Data below -
Content starts
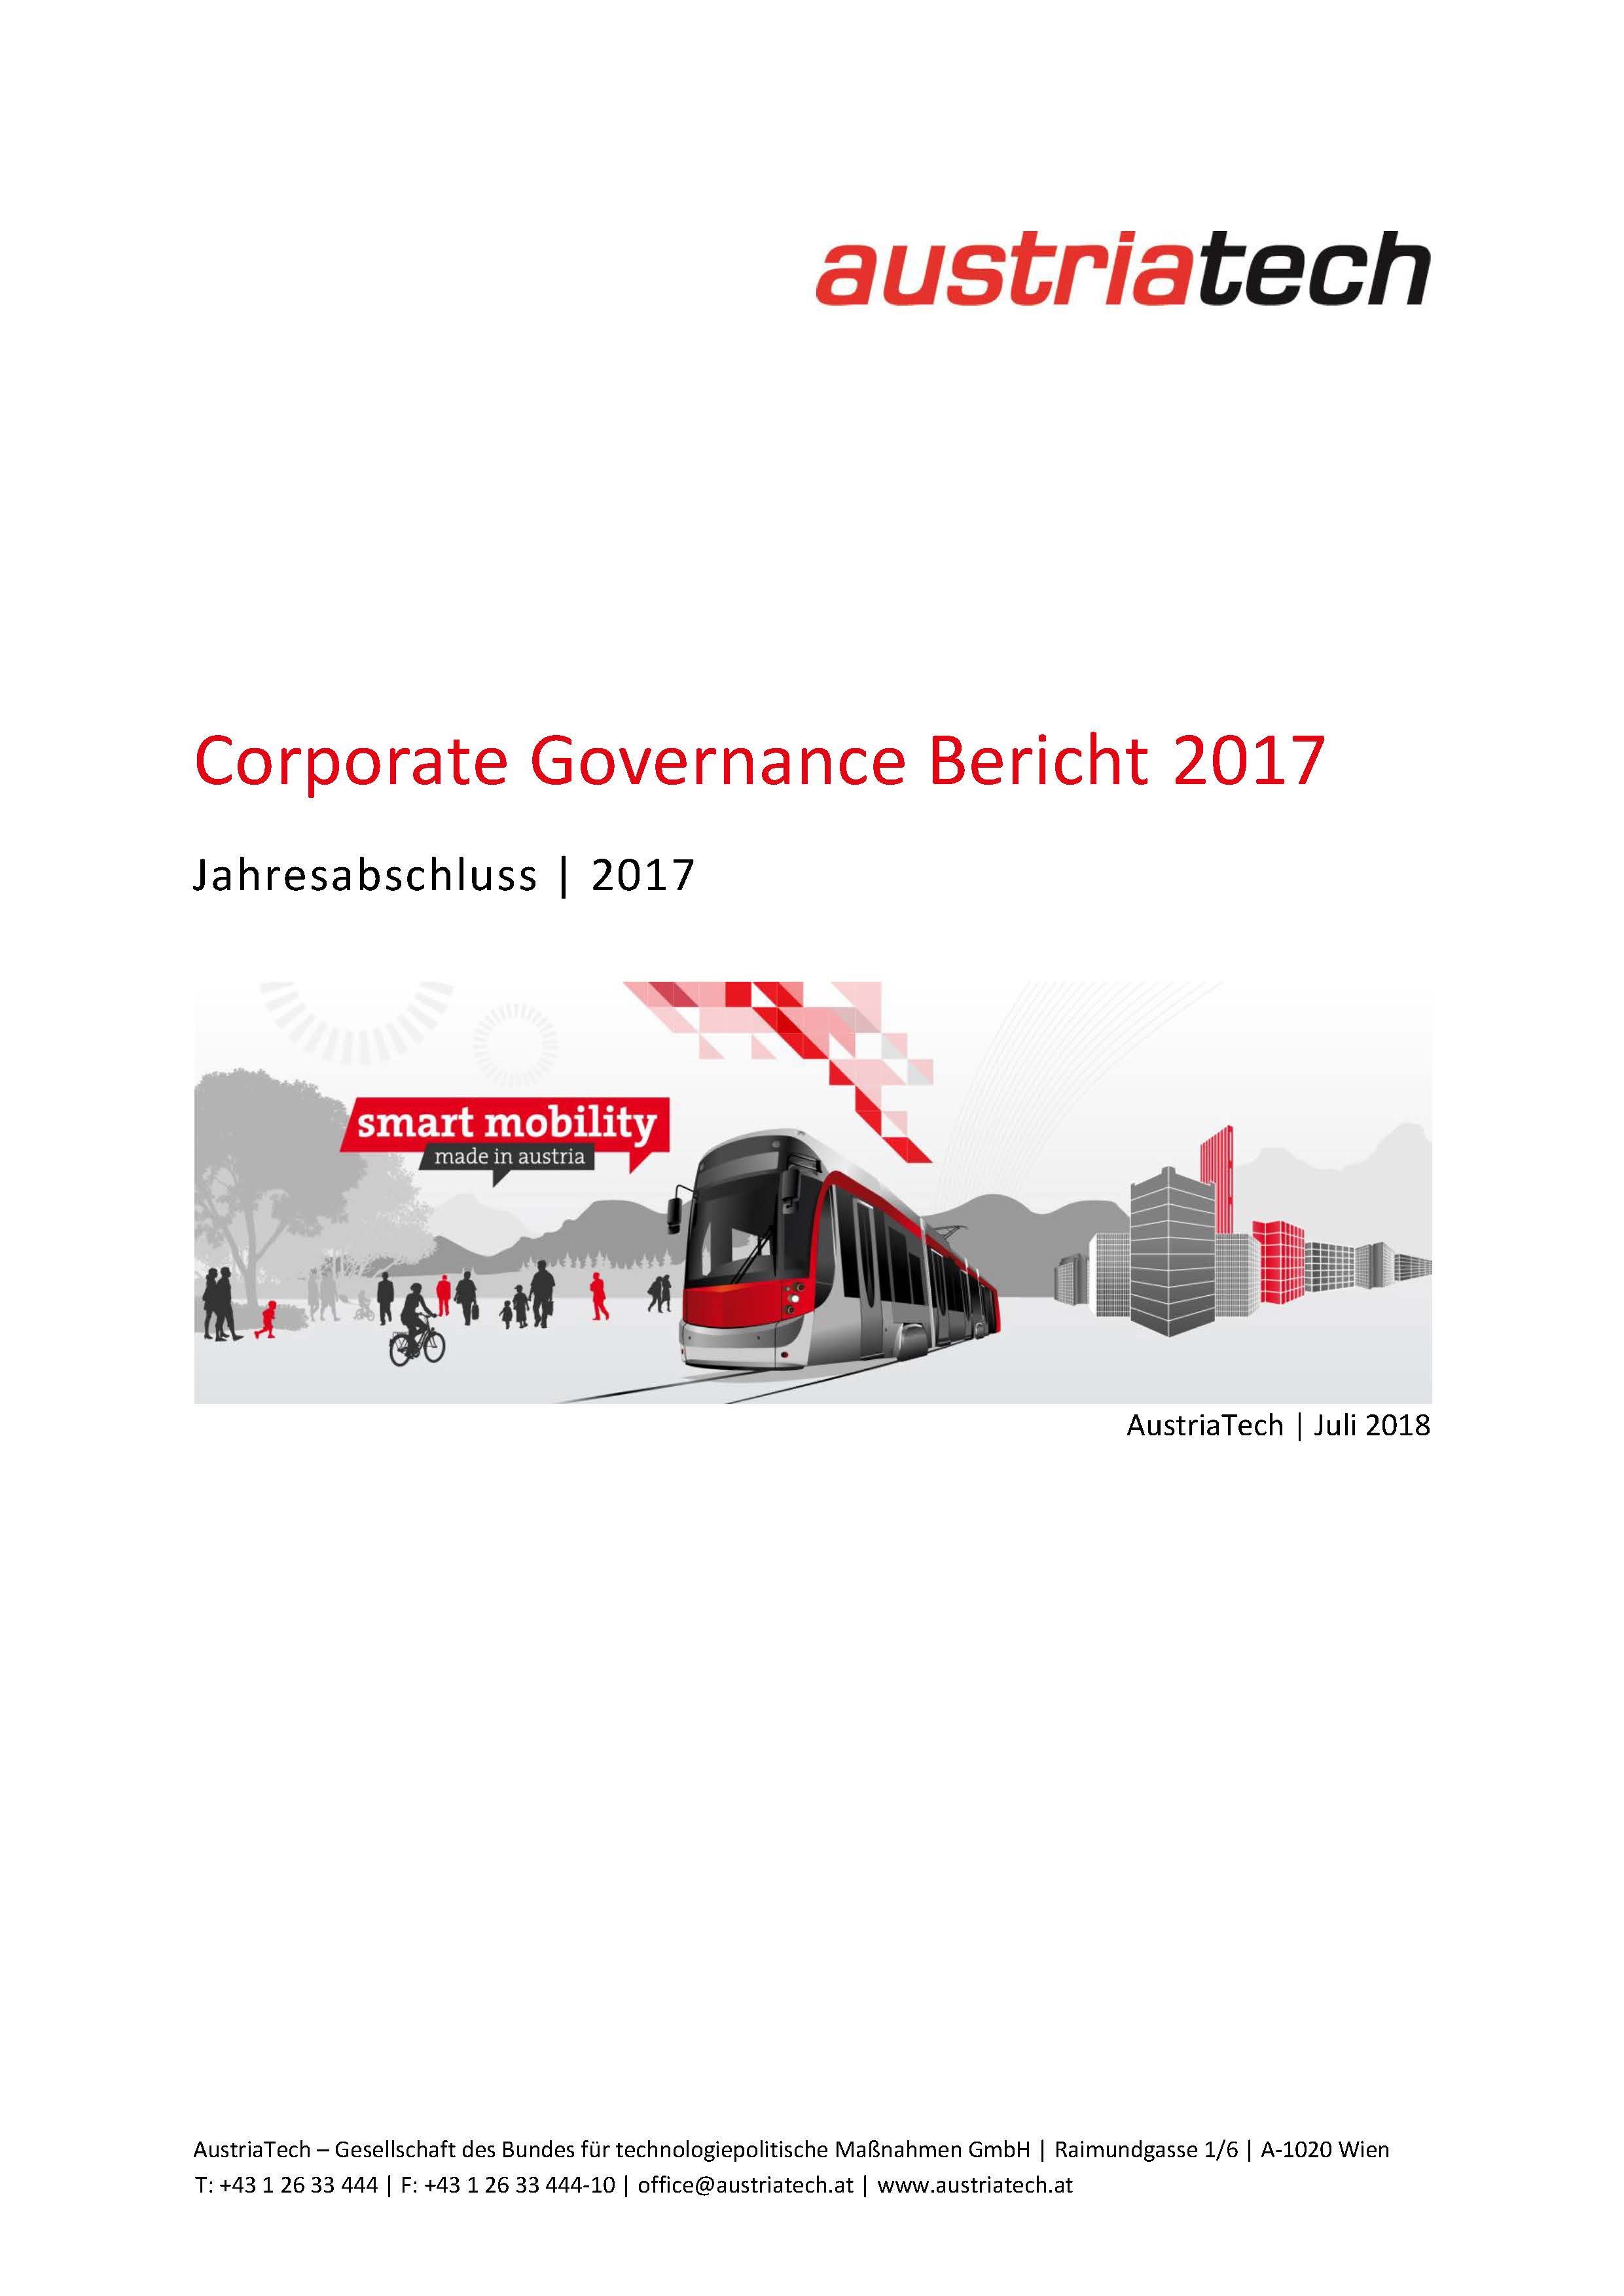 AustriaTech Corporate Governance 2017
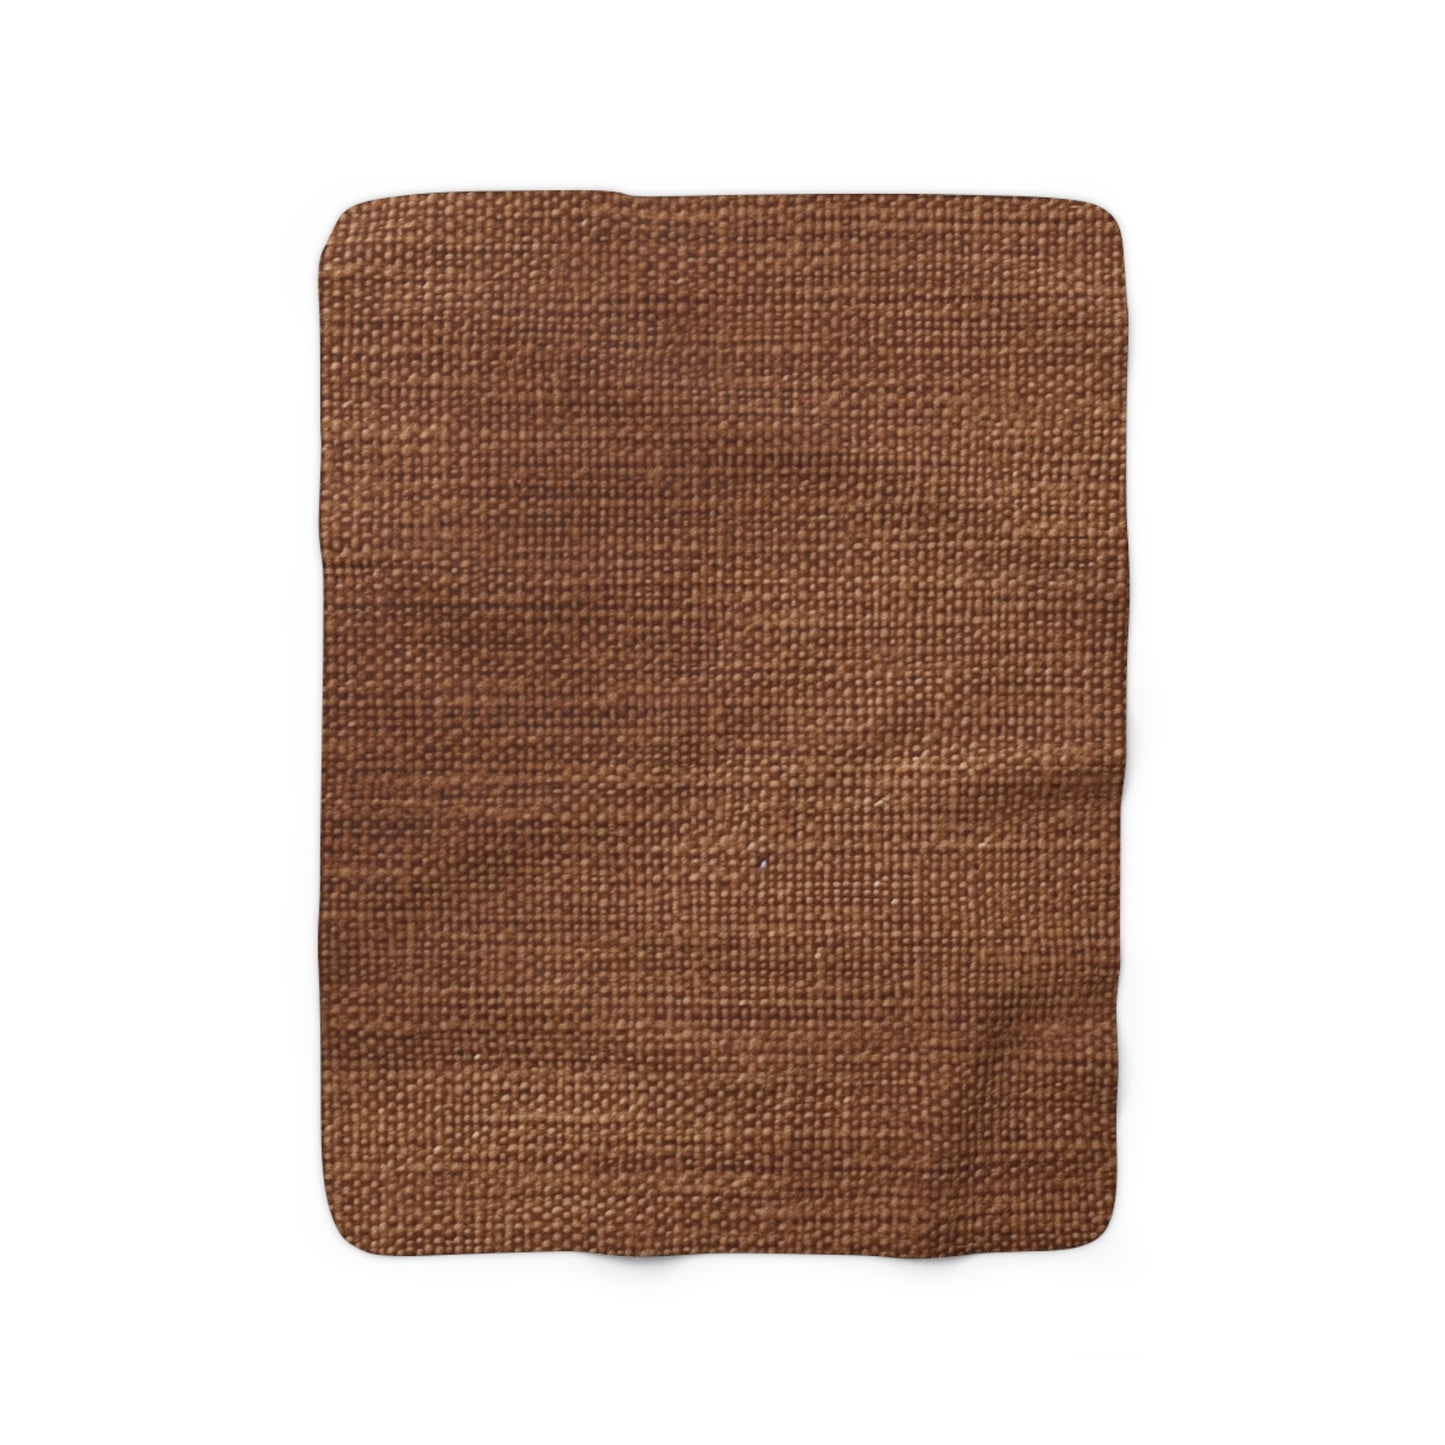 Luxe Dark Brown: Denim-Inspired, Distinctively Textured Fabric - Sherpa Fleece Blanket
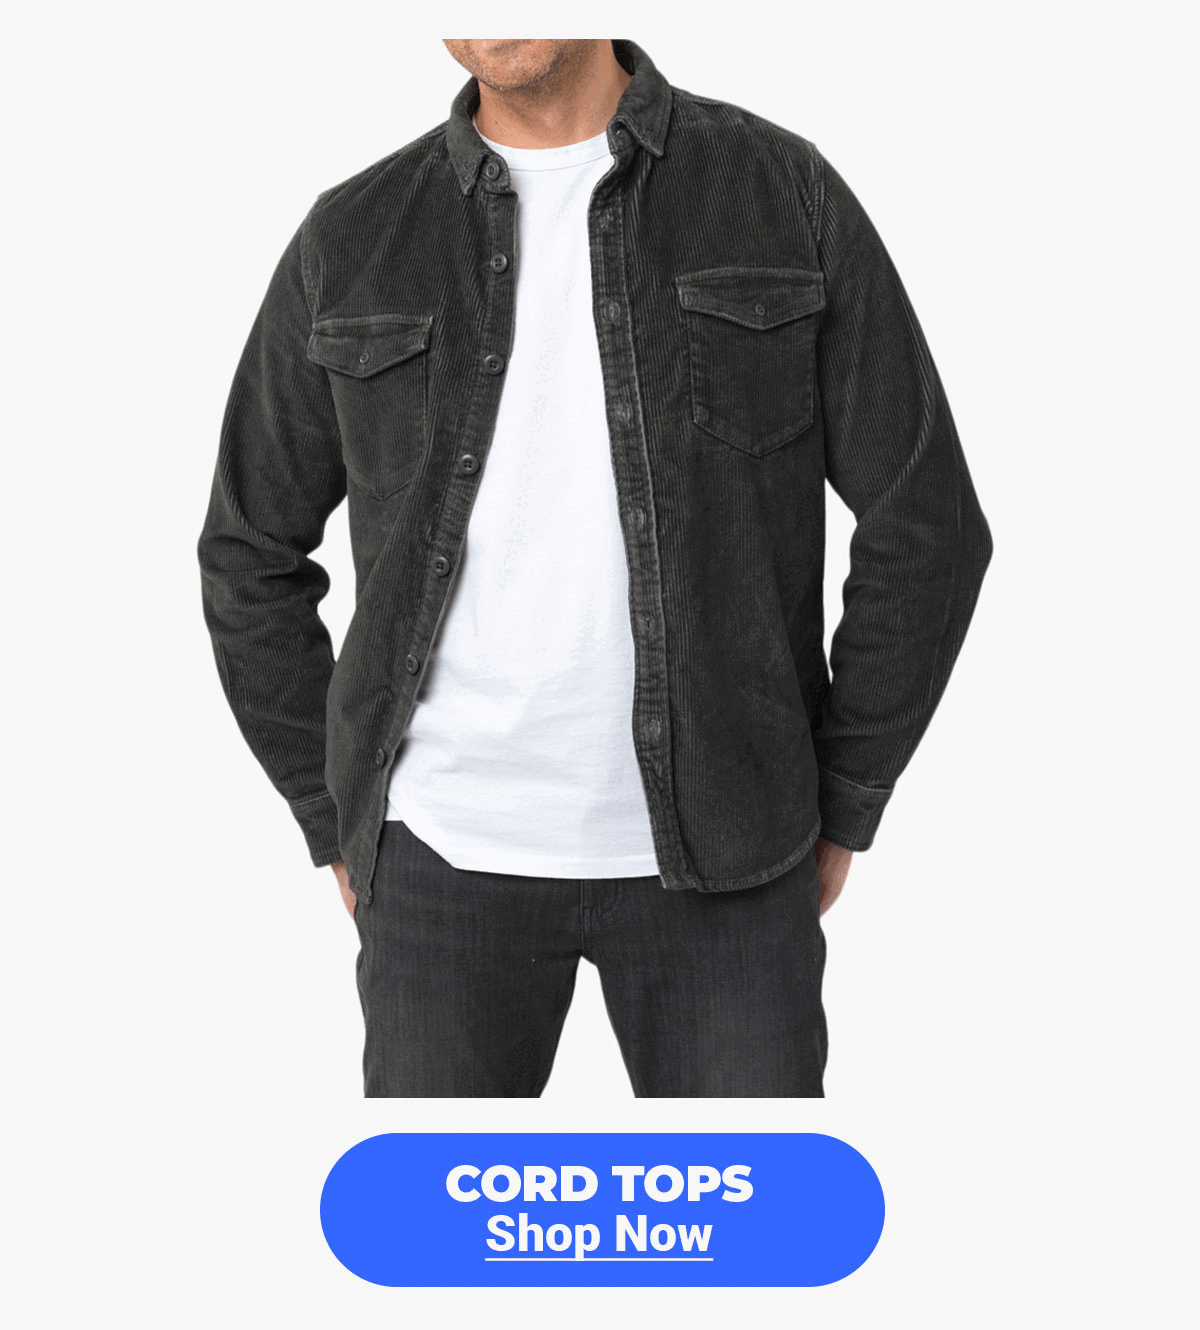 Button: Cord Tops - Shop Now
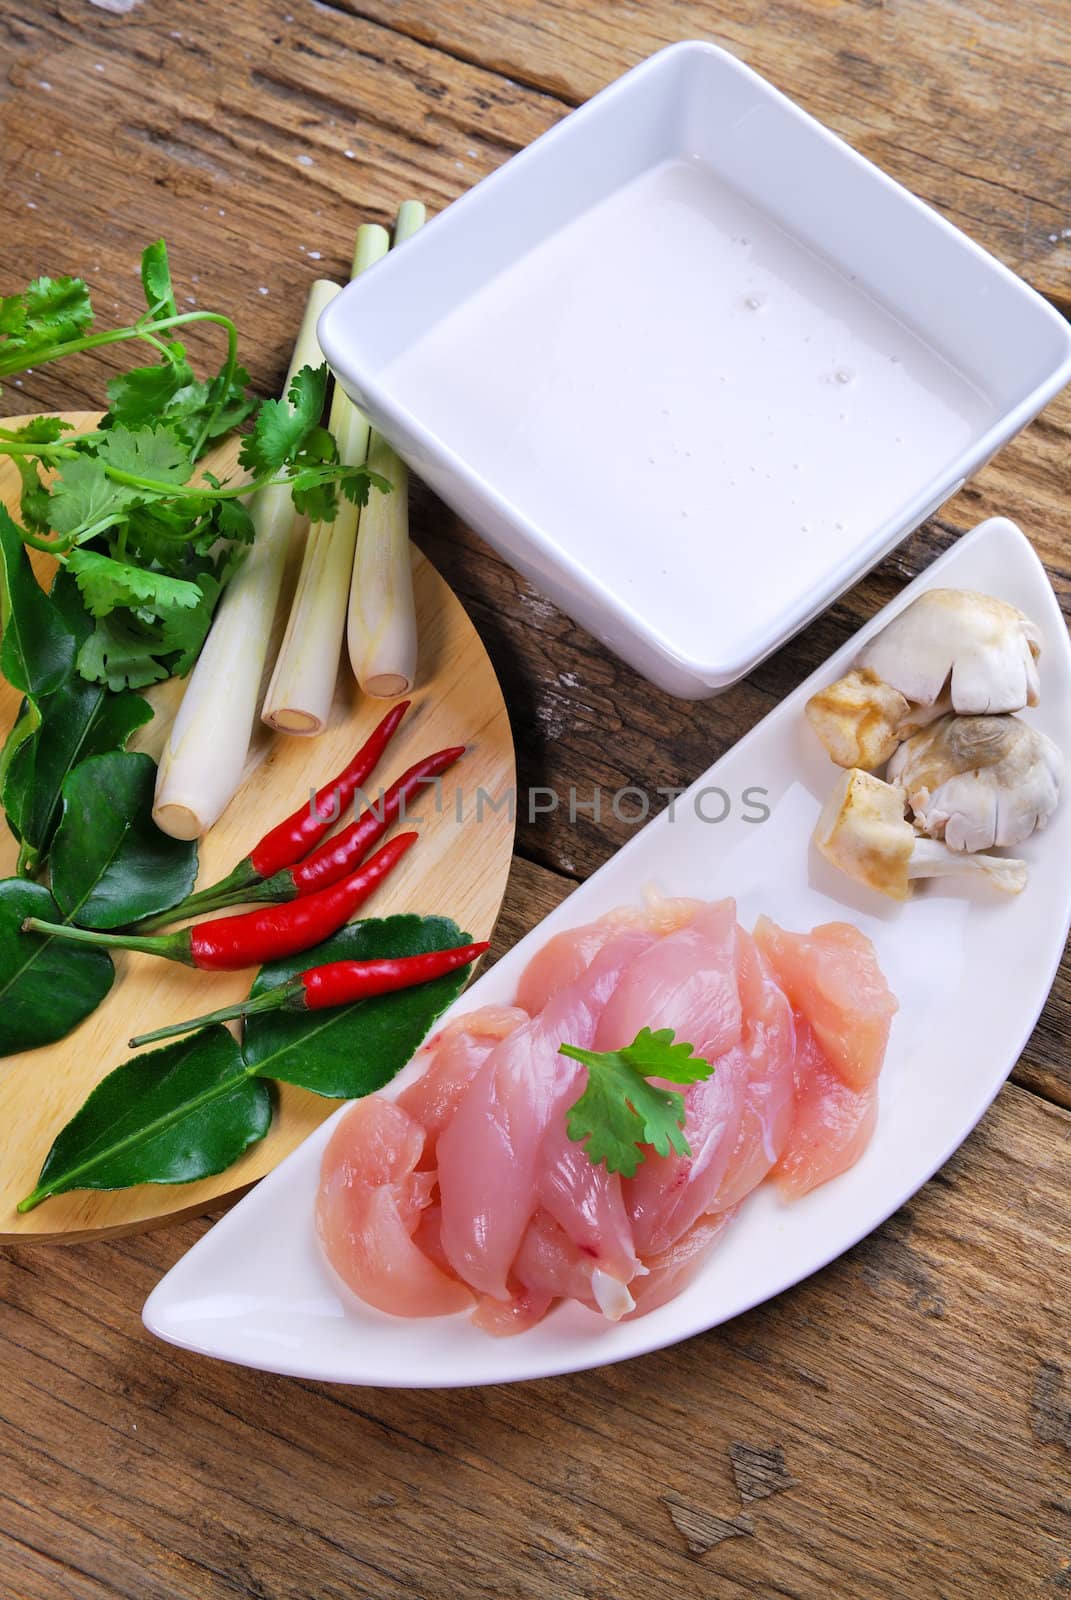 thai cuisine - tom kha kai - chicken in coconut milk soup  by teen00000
Content ends
In the listing above, find the line containing "Luxe Dark Brown: Denim-Inspired, Distinctively" and restate it and every later line verbatim, with the pictures left out.

Solution for this task -
 Luxe Dark Brown: Denim-Inspired, Distinctively Textured Fabric - Sherpa Fleece Blanket
 Button: Cord Tops - Shop Now
 thai cuisine - tom kha kai - chicken in coconut milk soup  by teen00000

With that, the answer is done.